Hernandez believes that media and website discussions about race are usually guarded, but the performances of actual words from the interviews is different. “All those suppressed things are not being said. There’s a visceral quality when talking face to face. When you stop thinking about words, you have an actual conversation.”
“Racism is very subtle, and it is often not intentional. It’s a product of where you came from,” says Hernandez.
White notes that to get people to talk about the issue he asked them to talk about themselves. “While they’re talking I try to latch onto a story. I try to get a story, not an opinion.”
The stories also touch other social topics, including class. “It is amazing how quickly that while talking about race (the people interviewed) will bring up poor neighborhoods. That’s a huge issue, particularly in Trenton.” It’s a point brought up in the production when a character says, “It’s not just a race thing. People don’t view success as being here. The issue is that white people don’t want to live with black people, right? And nobody wants to live among poor people.”
Another point is the racism that appears in groups that seem homogenized. Just as white Europeans have a history of social tensions (the conflicts between the Irish and the English easily come to mind), so are there tensions in other groups. White points out the tensions between African-Americans and Africans and Caribbeans. Hernandez notes social tensions between Puerto Ricans, Guatemalans, and Cubans and says “My dad deals with lots of Latino immigrants.

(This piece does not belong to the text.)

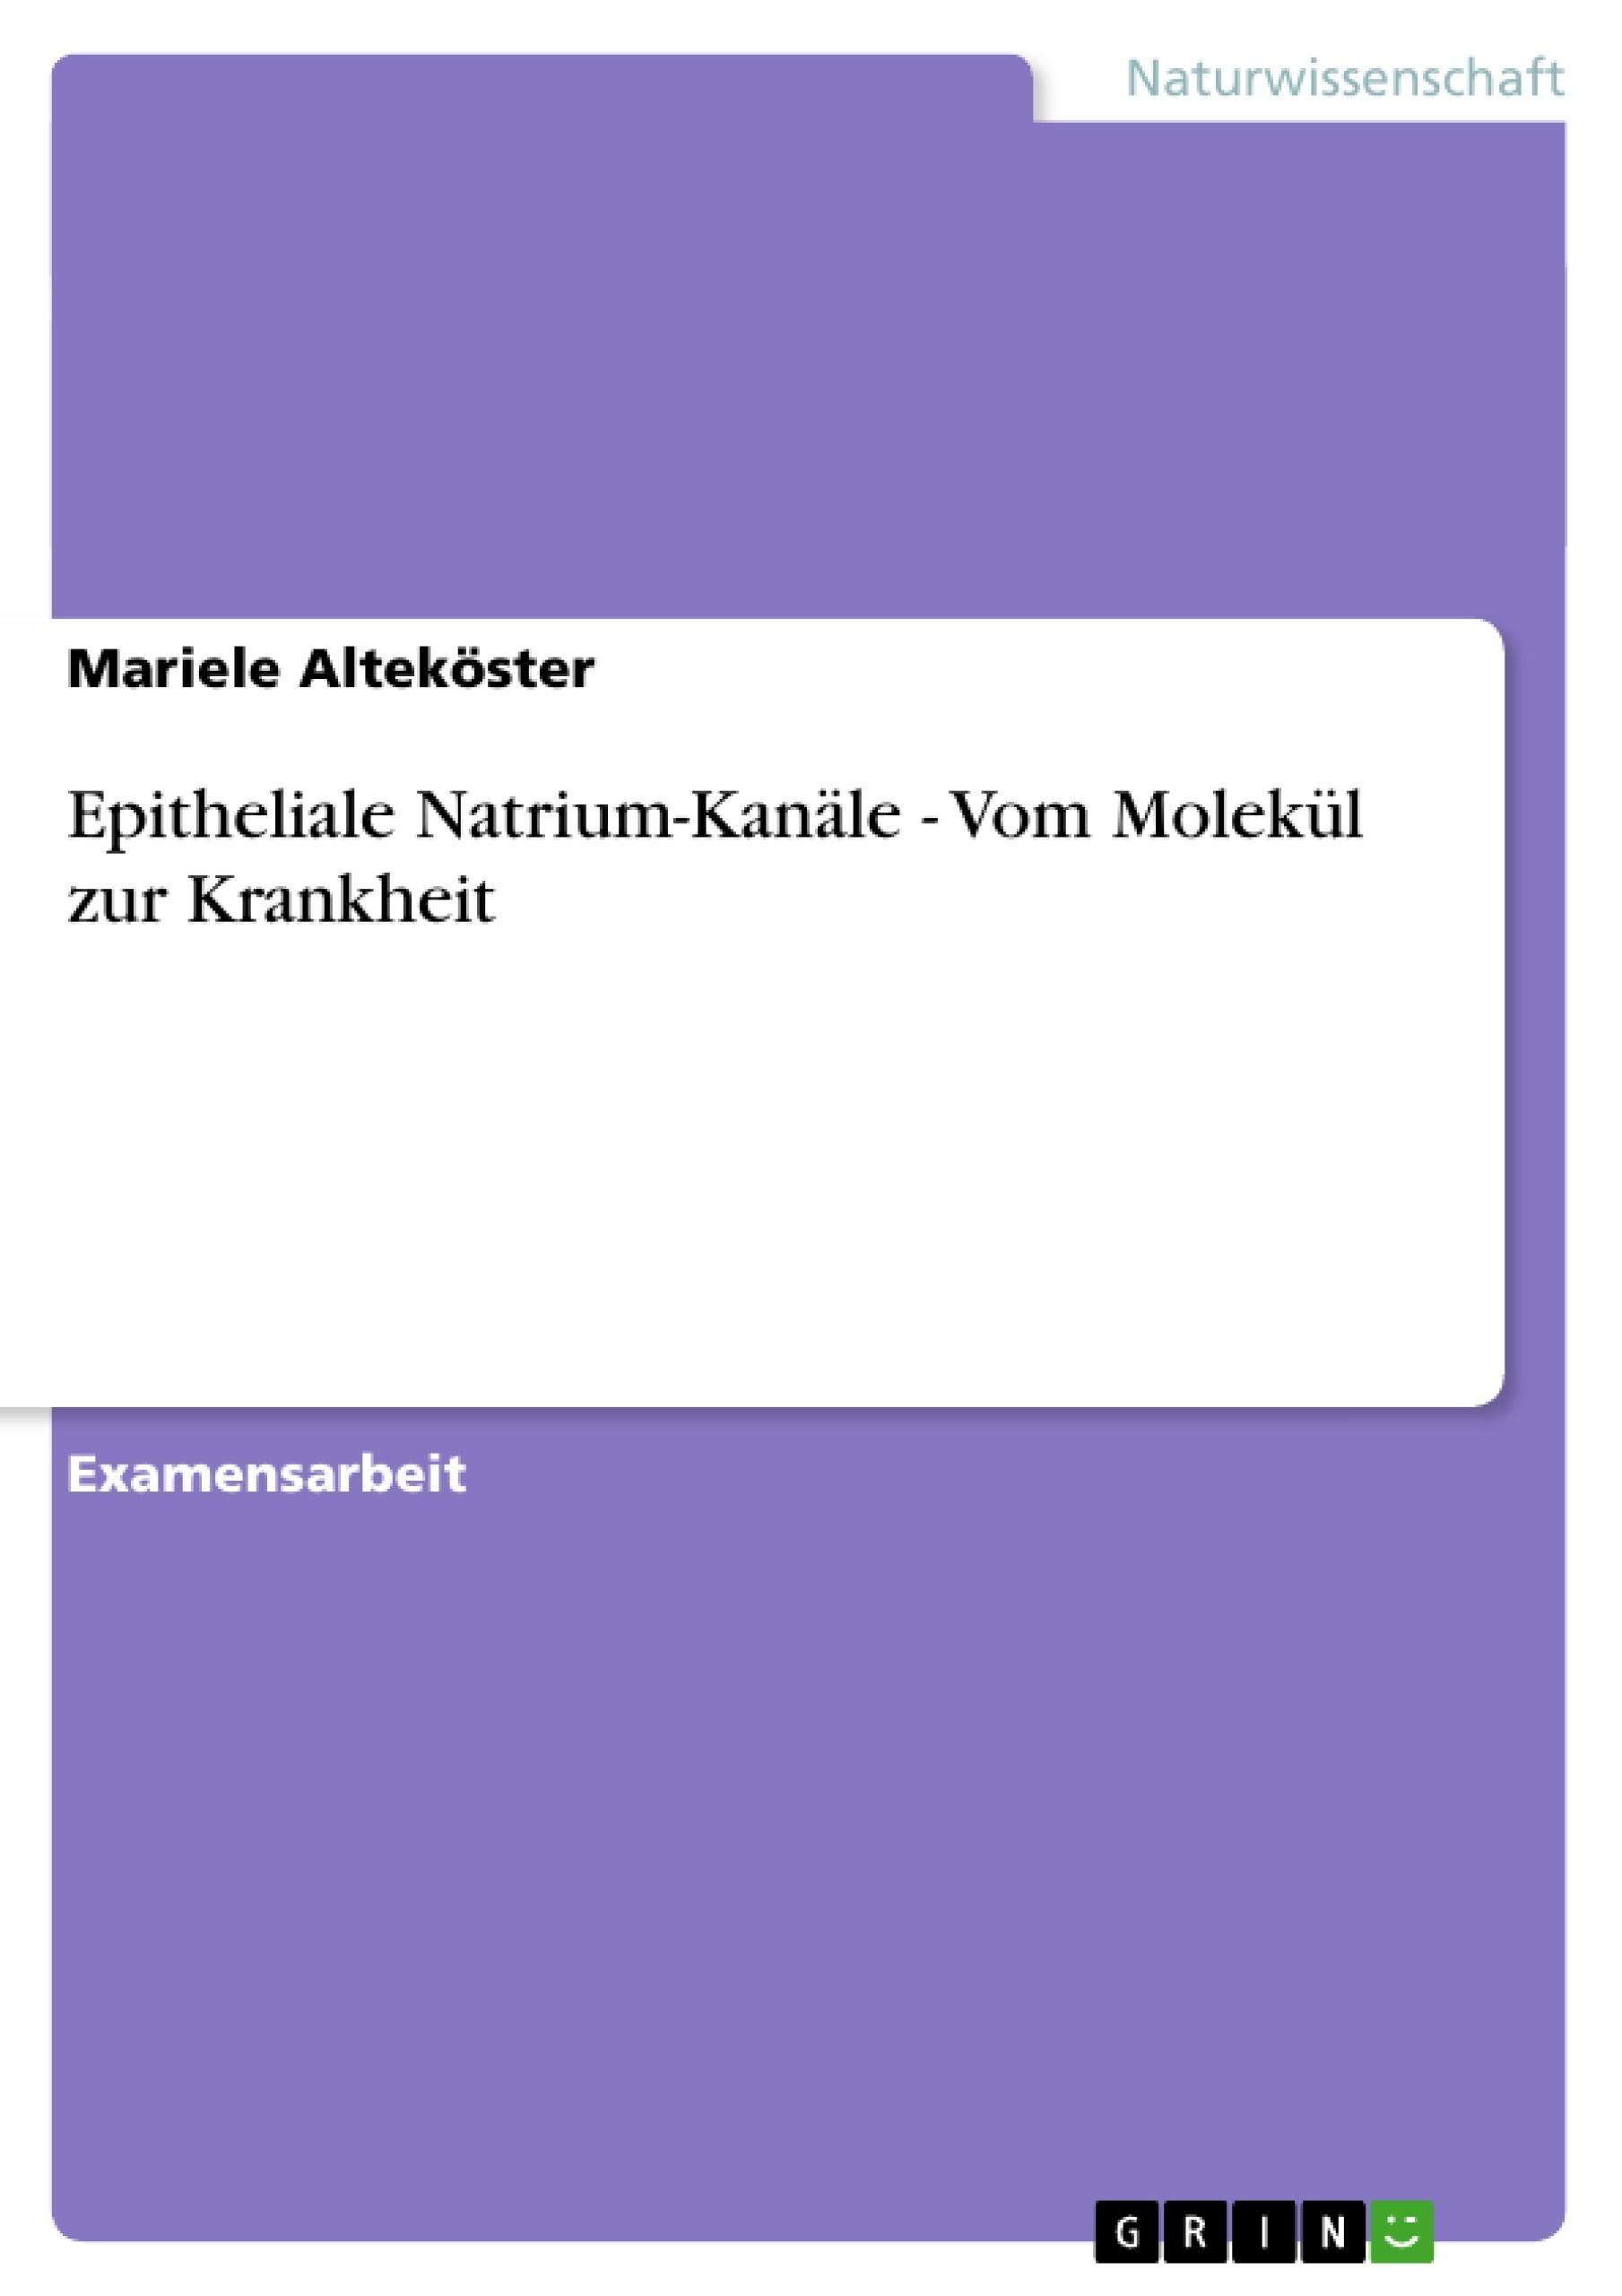 Titel: Epitheliale Natrium-Kanäle - Vom Molekül zur Krankheit

There’s this Latino hierarchy. There’s this idea of who’s more American.”
Ballinger and White know that this work and any work to create a meaningful artistic environment in Trenton is tough going. As White has said in a past interview, “Trenton’s got a bad rep. You see it on those huge newspaper headlines, you see us being ridiculed on the national news. It’s a challenge. Trenton is not nearly as good a city as it should be. But it’s also not nearly as bad as people think it is. It’s somewhere in the middle, and every time something modestly wonderful happens or something horribly tragic happens, it momentarily tips over to one side or the other.”
“We operate on a tiny budget, and things just get leaner,” says Ballinger. “Trenton is loaded with its own challenges, and they impact us considerably. But I am proud of our adventurous loyal and generous audience. They stick with us and encourage us to keep the faith.”
They also encourage the company to take a chance, evidenced by the non-traditional work in front of them. Attempting to explain the shape of the production, White muses, “Is it documentary theater? Is it communication theater? It’s non-fictional obviously. The words that you hear are the words out of people’s mouths. Maybe journalistic theater? It’s theater, but it is not a story. People are telling stories, but (the production) is not a story.”
A moment later he says, “The goal is to take the private conversation and make them public. It’s only in privacy where you have the safety to be honest. But theater is a place to be honest too.”
Especially a theater that was once a place where the word was sacred.
Profiles: A Play and Symposium, Passage Theater, Mill Hill Playhouse, Front and Montgomery streets, Trenton. Thursday, February 13, through Sunday, February 23, Thursdays through Saturdays at 7:30 p.m. and Sunday at 3 p.m. $25. 609-392-0766 or www.passagetheater.org.